Aug 8, 2014 • By Matthew Stock.

Buying Home

Buying a home, especially for the first time, is a huge undertaking. 

A bad choice or missed sign of trouble can result in costly repairs or financial losses at resale so homebuyers are well-advised to be painstaking in their search.  There are lots of “red flags” that homebuyers are urged to heed along with the usual research on schools, property taxes and comparable pricing.

One thing that typically turns a potential buyer off to a home is any sign of a wet basement.  Understandably, potential buyers who may not be familiar with the causes of and cures for a wet basement are likely to see it as a huge problem and move on to the next listing.

Of course, a wet basement may be a sign that major repair is required to make the basement waterproof or to fix a damaged foundation but it is equally true that the problem could be fixed by a quick, simple crack repair that could be done permanently for a few hundred dollars.

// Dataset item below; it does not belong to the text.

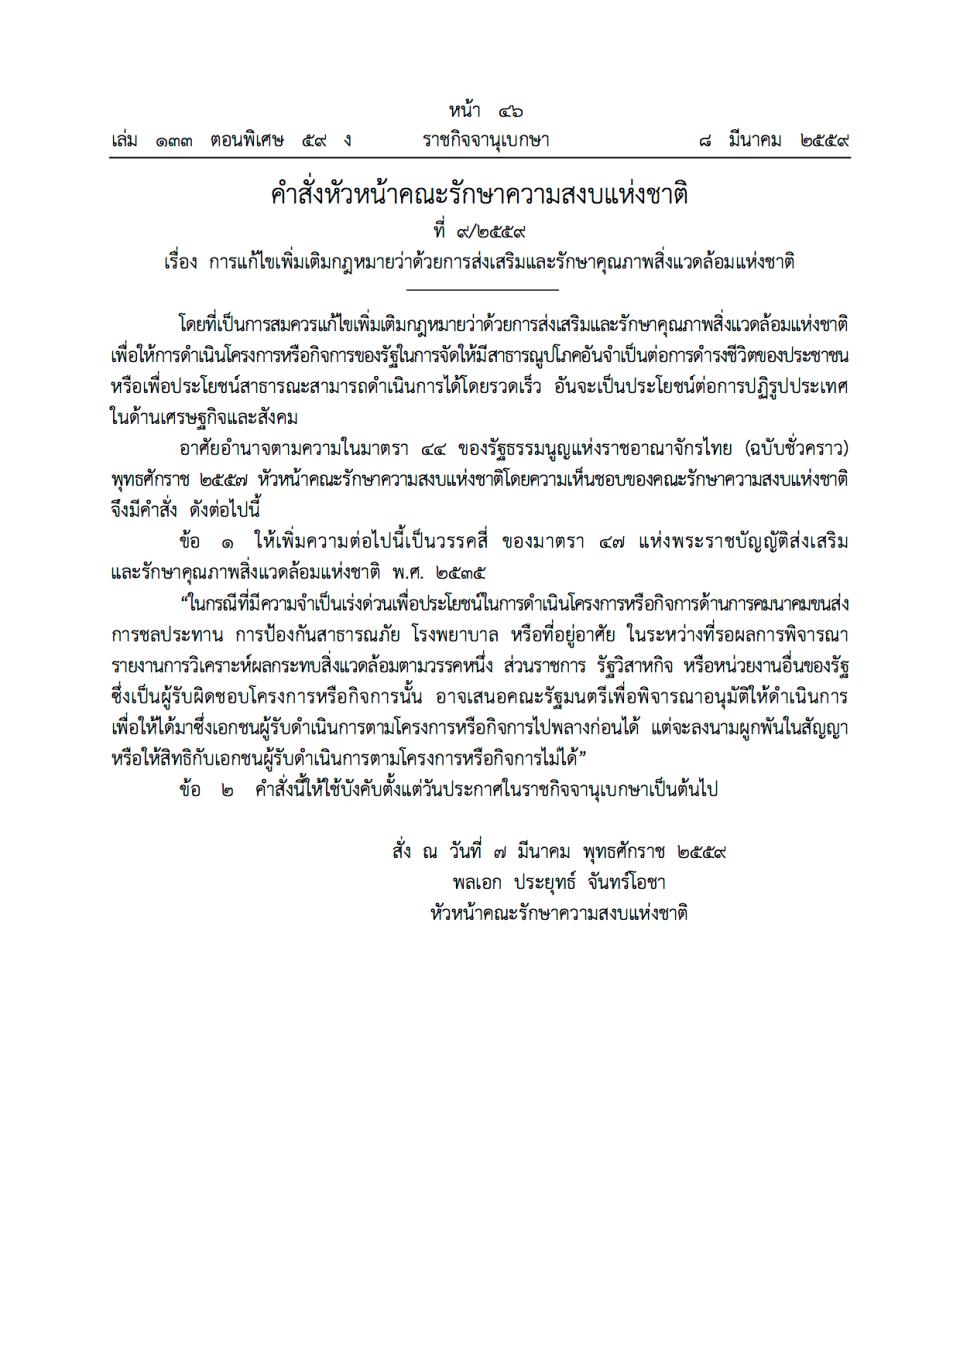 คำสั่งหัวหน้าคณะรักษาความสงบแห่งชาติ ที่ ๙-๒๕๕๙ เรื่อง การแก้ไขเพิ่มเติมกฎหมายว่าด้วย.png

So, how’s a potential homebuyer to know the difference?  It helps to understand why and how a basement leaks.

What Causes a Wet Basement?

Water that ends up in the basement starts out in the soil around the foundation.  It is rare that falling rain or melting snow flows directly into a basement before being absorbed by the soil and some kind of external pressure is needed to force the water in through opportunistic openings.

Water is contained in the soil that surrounds the foundation to a degree that depends on the type of soil found in the area.  For example, sandy soil, such as that found in northwest Indiana, drains very quickly and absorbs very little water.  Clay soil, common in the Chicago area, is very absorbent and holds a great deal of water.

The area immediately around a home’s foundation is particularly susceptible to absorbing water because it contains soil that was disturbed during the original excavation to build the foundation.  This backfilled soil is less compacted than the undisturbed soil around it and has more space surrounding soil particles to contain water.

Water is also contained in soil below the foundation.  This water occurs nearly everywhere, sometimes very deep in the ground in more arid areas, and is referred to as ground water.  The level to which this water rises in the soil is called the “water table,” which is a relatively static measurement but one that can change for the short term after heavy rainfall or snowmelt.

When the soil surrounding the foundation absorbs water it expands and creates pressure against the foundation walls.  This lateral pressure can force water into the basement and can also cause structural damage to the foundation.

Similarly, when the water table rises, pressure is created below the foundation, called “hydrostatic” pressure.  Hydrostatic pressure can also force water into the basement and can create cracks in relatively thin concrete basement floors.

But, how does the water get in?

Sources of Basement Seepage

No matter how much water there is outside the basement there has to be an opening of some kind for it to get into the basement.

These openings, as mentioned earlier, can be caused by pressure against basement walls or floors, but can also be caused by foundation settlement and small errors during construction, even by the nature of homebuilding itself.

The most common type of residential foundation is one constructed of poured concrete and the most common source of seepage in such a foundation is a non-structural crack in the wall.  These cracks can be caused by lateral pressure or by the foundation dropping or settling.  The cracks are narrow, generally less than 1/8”, and occur randomly in walls, sometimes emanating from openings like windows or utility penetrations.

Cracks can also occur in masonry foundations, whether built of concrete block, stone or brick.  Cracks in these foundations occur in the mortar joints between masonry units and will usually be found in a “stairstep” pattern.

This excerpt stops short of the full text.